# Data Exploration and Processing

In [2]:
import numpy as np
import matplotlib.pyplot as plt
import pandas as pd
from IPython.display import display # Allows the use of display() for DataFrames

In [3]:
import sys, os
from os import path

In [4]:
# Pretty display for notebooks
%matplotlib inline

In [5]:
# Data paths definitions :
data_dir = "../data"
stats_dir = "../docs/stats"
input_csv_dir = os.path.join(data_dir,"input_csv") #csv files that were dowlnoaded from kagggle
train_dir = os.path.join(data_dir, "train") ##Training images directory
validation_dir = os.path.join(data_dir, "validation") ##Validation images directory
test_dir = os.path.join(data_dir, "test") ##Validation images directory

The data was obtained from [CVDF Google Landmarks Dataset v2](https://github.com/cvdfoundation/google-landmark)

## Data Exploration

### Exploring file : train_label_to_category.csv

[train_label_to_category.csv](https://s3.amazonaws.com/google-landmark/metadata/train_label_to_category.csv) : CSV with landmark_id,category fields:  
    `landmark_id` is an integer, `category` is a Wikimedia URL referring to the
    class definition.


In [6]:
# Load file
try:
    train_label_to_category = pd.read_csv(os.path.join(input_csv_dir, "train_label_to_category.csv"))
    print("File has {} samples with {} features each.".format(*train_label_to_category.shape))
except:
    print("File could not be loaded. Is the dataset missing?")

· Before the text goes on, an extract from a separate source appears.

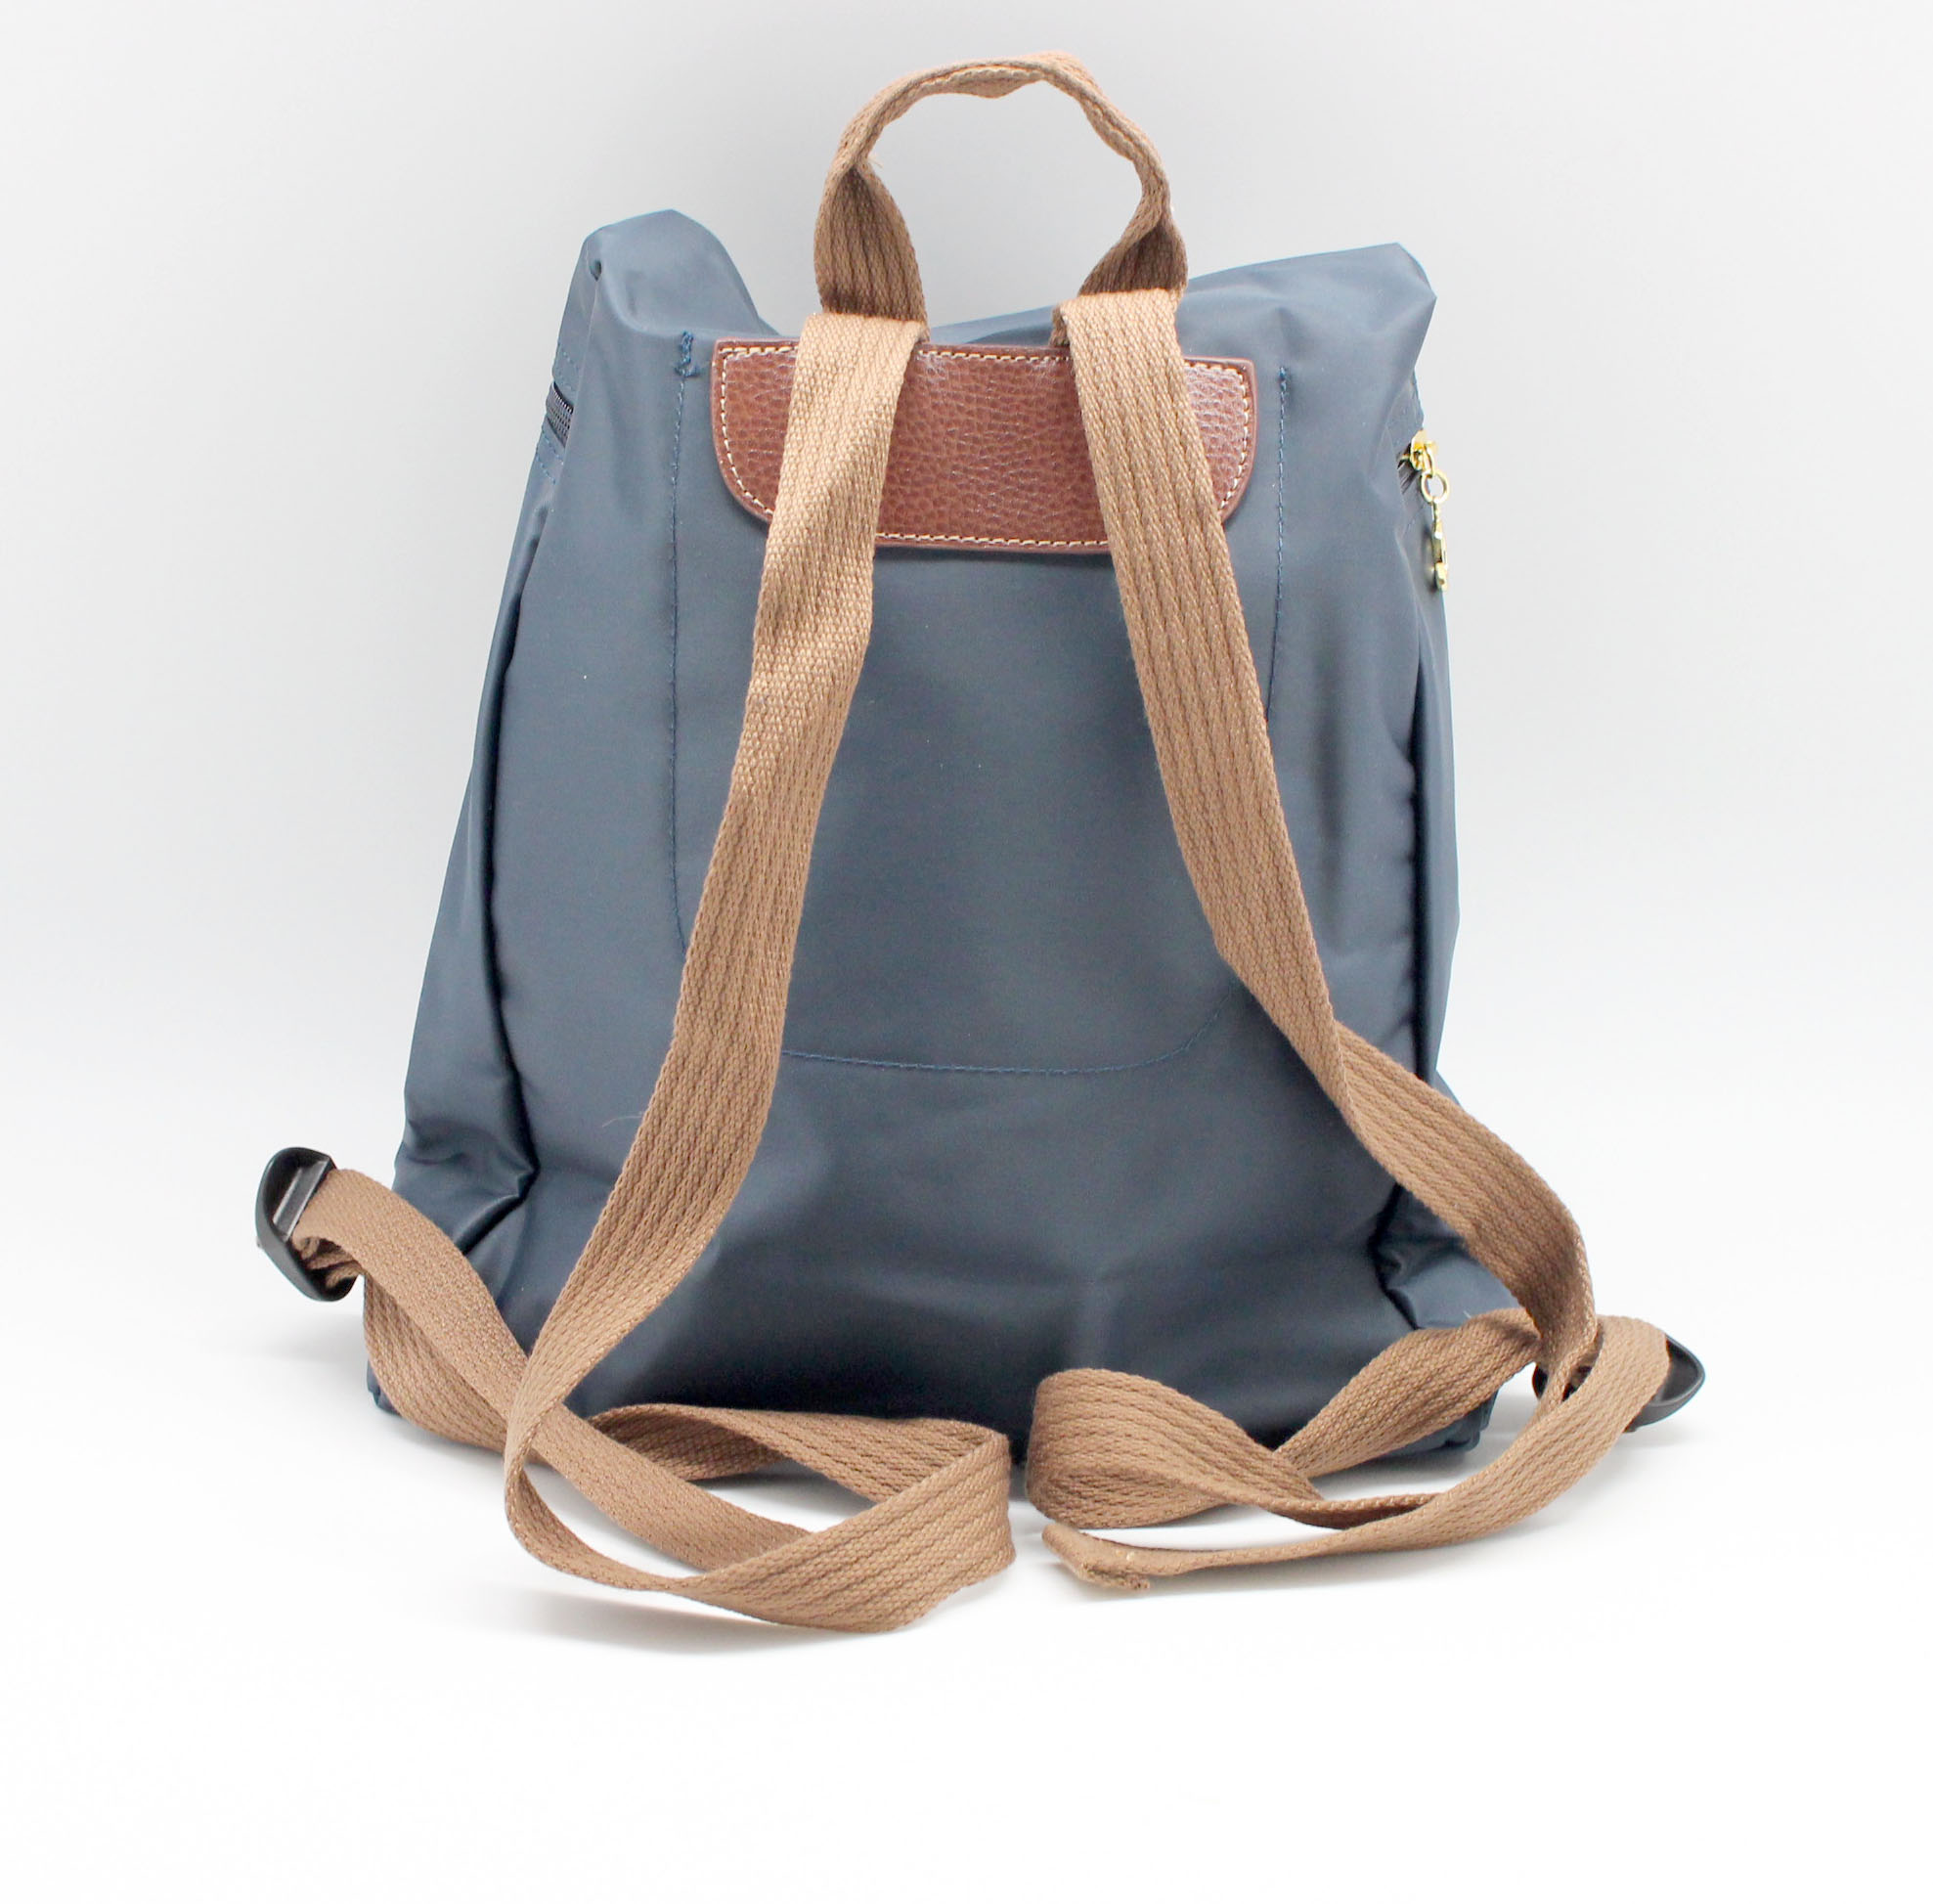 The Nylon Backpack

File has 203094 samples with 2 features each.


In [7]:
# Display a description of the file
display(train_label_to_category.head())

Unnamed: 0,landmark_id,category
0,0,http://commons.wikimedia.org/wiki/Category:Hap...
1,1,http://commons.wikimedia.org/wiki/Category:Lui...
2,2,http://commons.wikimedia.org/wiki/Category:Gra...
3,3,http://commons.wikimedia.org/wiki/Category:Twe...
4,4,http://commons.wikimedia.org/wiki/Category:San...


In [8]:
# del train_label_to_category #delete dataframe to free memory

### Exploring input file : train.csv

[train.csv](https://s3.amazonaws.com/google-landmark/metadata/train.csv): CSV with id,url,landmark_id fields. `id` is a 16-character
    string, `url` is a string, `landmark_id` is an integer.
 
 Contains url to download images from the web, along with their ids.

In [9]:
# Load file
try:
    train_data = pd.read_csv(os.path.join(input_csv_dir, "train.csv"))
    print("File has {} samples with {} features each.".format(*train_data.shape))
except:
    print("File could not be loaded. Is the dataset missing?")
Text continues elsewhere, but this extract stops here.